Meanwhile the burglars, whose names were Charles and Lothair Femeral,
foreigners but English-speaking, had found some of their ill-acquired
goods saleable, others unsaleable. They wanted a pound for the little
picture in the frame, and this they could not get, and it was a bother
haggling it about. Lothair Femeral thought of a good plan: he stopped at
an inn on the third day of their peregrinations, had a good dinner with
his brother, told the innkeeper that he could not pay the bill, and
offered to leave the Old Master in exchange. When people do this it very
often comes off, for the alternative is only the pleasure of seeing
the man in gaol, whereas a picture is always a picture, and there is a
gambler's chance of its turning up trumps. So the man grumbled and took
the little thing.
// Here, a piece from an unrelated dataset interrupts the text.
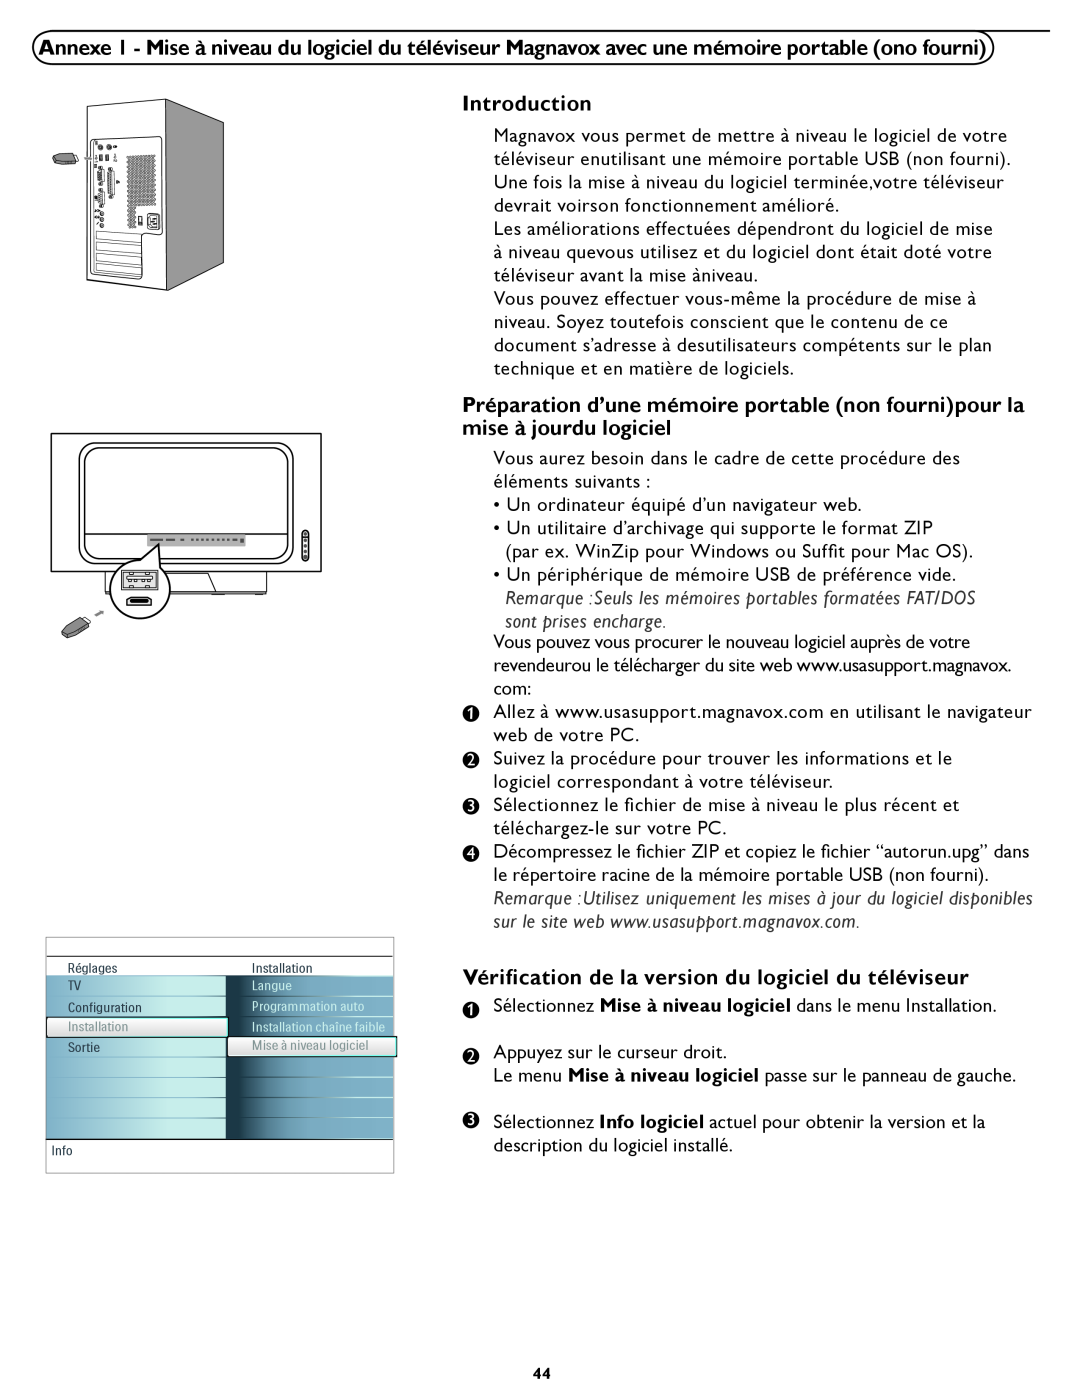 Magnavox 26MD/32MD251D user manual Introduction, Vériﬁcation de la version du logiciel du téléviseur, sont prises encharge

He hung it up in the best room of the inn, where he gave
his richer customers food.
Thus it was that a young gentleman who had come down to ride in that
neighbourhood, although he did not know any of the rich people round
about, saw it one day, and on seeing it exclaimed loudly in an unknown
tongue; but he very rapidly repressed his emotion and simply told the
innkeeper that he had taken a fancy to the daub and would give him thirty
shillings for it.
The innkeeper, who had read in the newspapers of how pictures of the
utmost value are sold by fools for a few pence, said boldly that his price
was twenty pounds; whereupon the young gentleman went out gloomily, and
the innkeeper thought that he must have made a mistake, and was for three
hours depressed.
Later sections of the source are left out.